Ce style de management est devenu un modèle. Son livre de 1996, Only the Paranoid Survive
(« Seuls les paranoïdes survivent »), demeure un best-seller. La paranoïa en question est celle
qui interdit de se reposer sur ses lauriers. Il ne faudrait cependant pas prendre Andy Grove
pour un de ces milliardaires que leur succès rend omniscients et infaillibles. Il se trompa et sut
reconnaître et corriger ses erreurs. Vers la fin de sa vie, il se fit l’apôtre d’une économie centrée
sur l’emploi (job-centric), montrant que les délocalisations ont des effets néfastes à terme et que
les start-ups, si nécessaires qu’elles soient, ne remédient au chômage que lorsqu’elles se
développent au point de devoir embaucher en masse et ainsi de soutenir et augmenter la
demande. Il n’oublia jamais non plus d’où il venait et plaida pour que l’Amérique demeure une
terre d’accueil.
Ce sont des perspectives que n’aurait pas désavouées Hilary Putnam, né en 1926 et mort
quelques jours plus tôt. Il avait enseigné la philosophie à Harvard à partir de 1965. Fils de
communiste, lui-même un temps maoïste, il s’inscrit dans la tradition de l’école anglo-saxonne
dite analytique, attachée à l’examen critique du phénomène de la connaissance et à la logique
de formulation des pensées et raisonnements. Il s’intéressa aux mathématiques, au langage, à
l’informatique, aux neurosciences, à l’esthétique, à l’éthique, changeant plusieurs de fois de
position dans ces divers domaines et se révélant un redoutable polémiste.
Ce qui émerge de ce foisonnement parfois contradictoire, c’est un dépassement résolu et peutêtre irréversible du positivisme qui veut que la philosophie ne soit rien de plus qu’une
ramification de la science et que la seule connaissance fiable est celle qui se forme dans l’esprit
humain, et plus précisément dans le cerveau. Putnam montra que ce qui devient conscient
n’est pas indépendant de ce que d’autres expérimentent et nomment, donnant ainsi les mots
pour l’identifier. Il s’ensuit qu’il est impossible d’exclure qu’il existe autre chose que ce qui est
perçu par les sens et conçu dans l’autonomie du cerveau. Sans aller jusqu’à un « réalisme
métaphysique », le penseur non-conformiste finit par renoncer à l’athéisme qui lui avait été
enseigné et qu’il avait professé, et il découvrit même son judaïsme, faisant sa bar mitzvah à 68
ans. Il se laissa inviter en Israël et écrivit un livre sur la philosophie juive. Son argument : la
religion n’a pas besoin de preuves ; ce qui compte, c’est ce qu’elle change en l’homme.

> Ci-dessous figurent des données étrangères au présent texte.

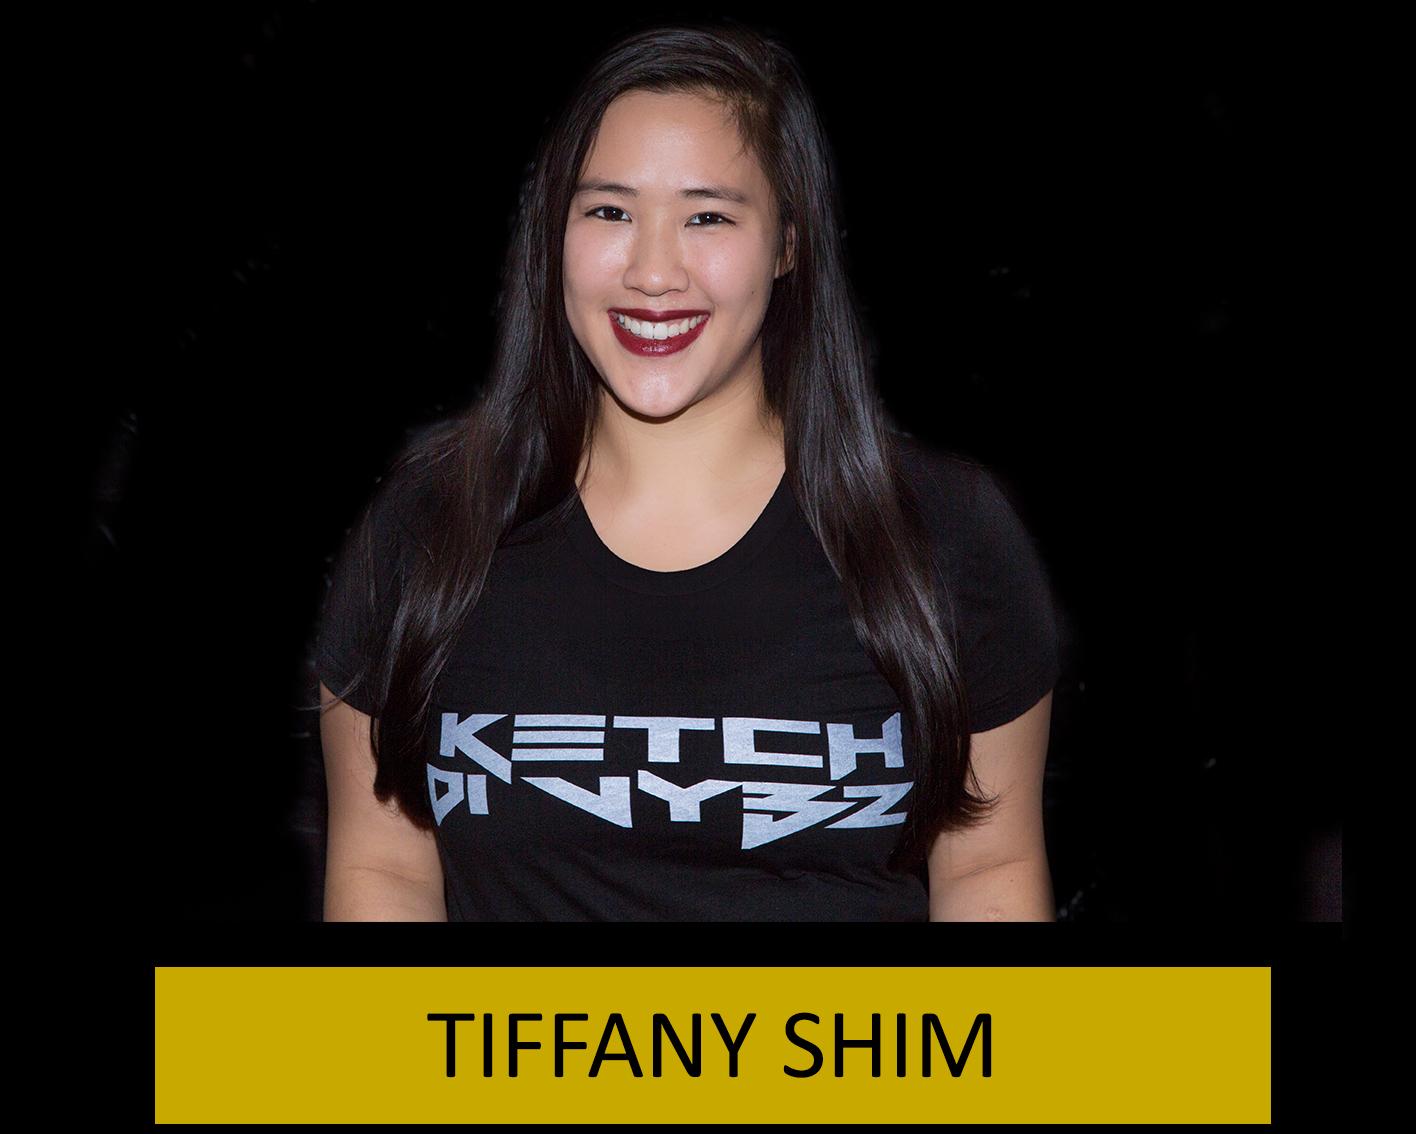 Click to read bio: Tiffany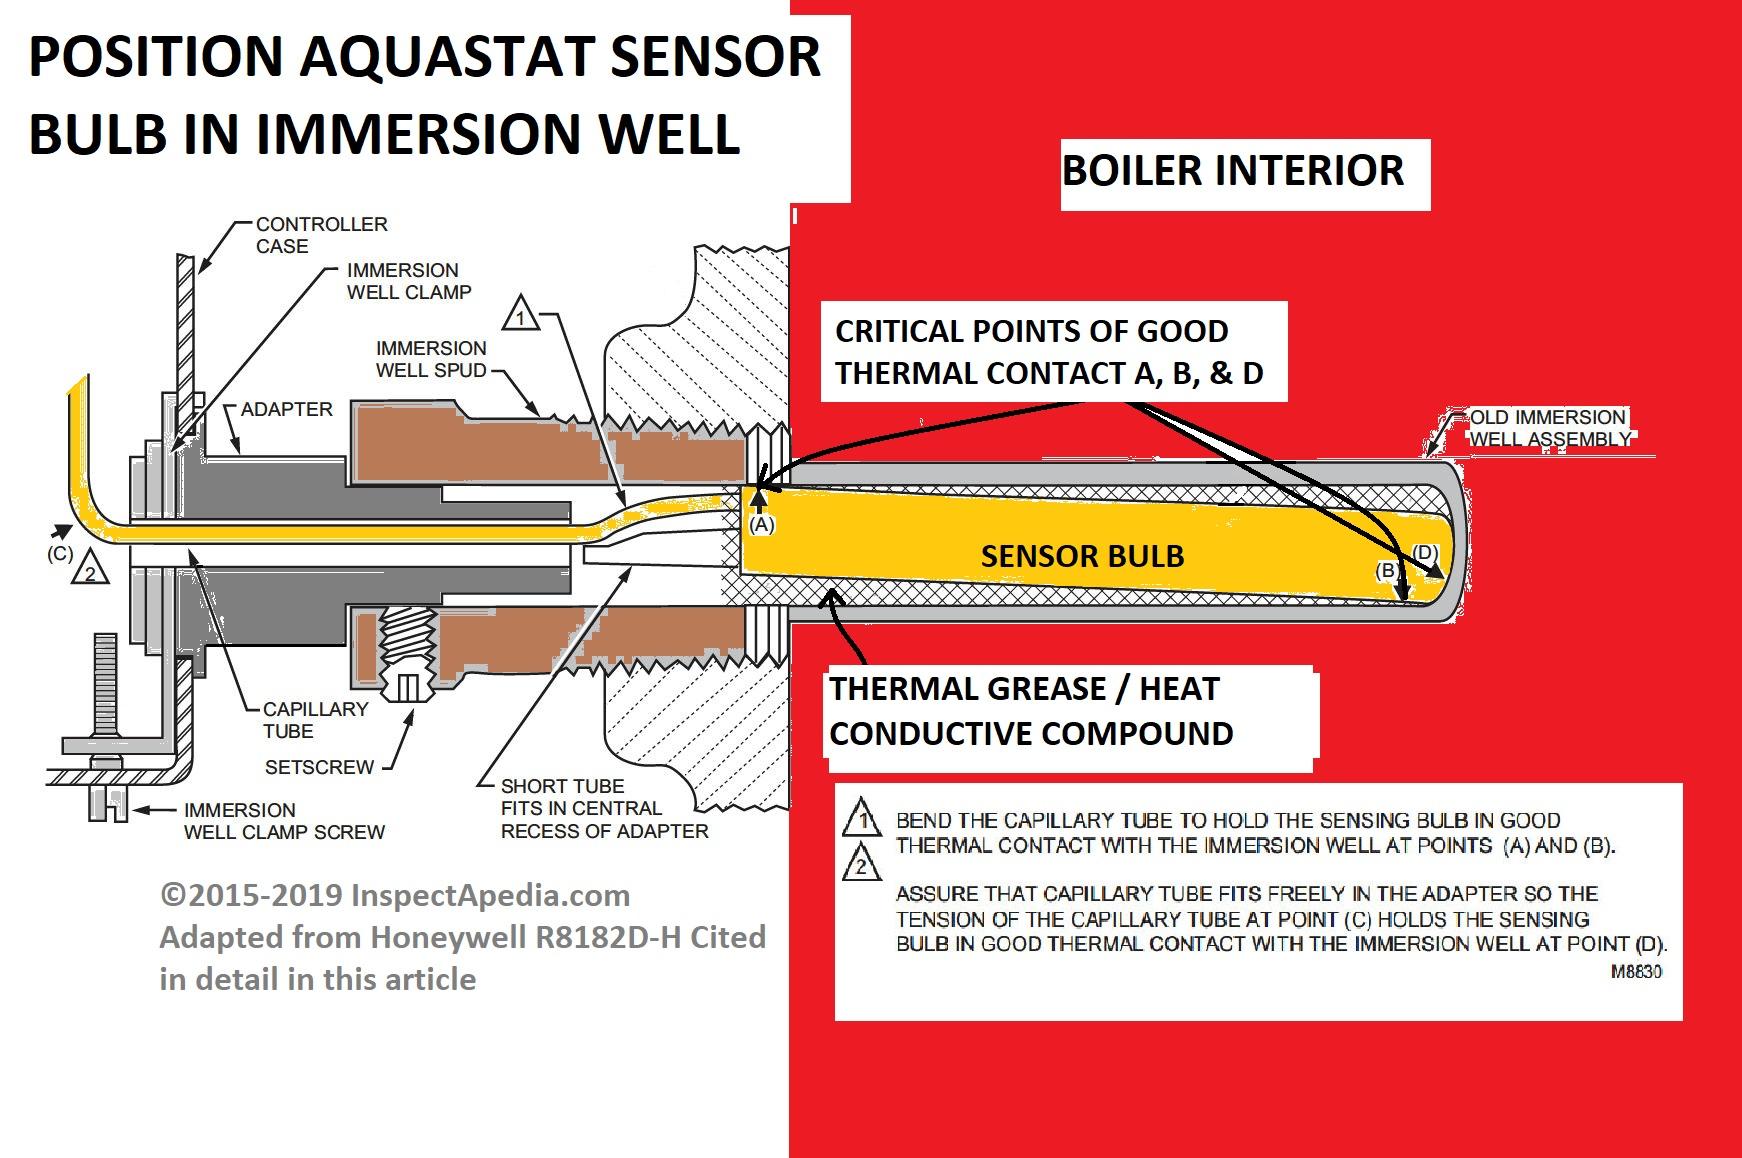 hight resolution of aquastat immersion well sensor details adapted from honeywell s l7224u universal aquastat installation instructions cited in

C’est ainsi qu’en moins de quinze jours ont disparu trois hommes qui ont marqué la transition
du XXe au XXIe siècle, avec l’avènement de l’ordinateur et du courrier électronique, les défis de
l’immigration et du chômage, et le retour du religieux.
Jean Duchesne, o.f.c.
P.S. On pourrait ajouter à cette chronique nécrologique Marvin Minsky (1928-2016), un autre
juif américain, mais résolument athée, « inventeur » de l’« intelligence artificielle » au MIT,
spécialiste des sciences cognitives et persuadé qu’il n’y a pas de différence fondamentale entre
l’être humain et les machines. Chaud partisan de la cryogénisation (préservation d’un cadavre à
– 196° C, permettant une réanimation théorique lorsque des techniques appropriées le
permettront), il a été un des pionniers du « transhumanisme ».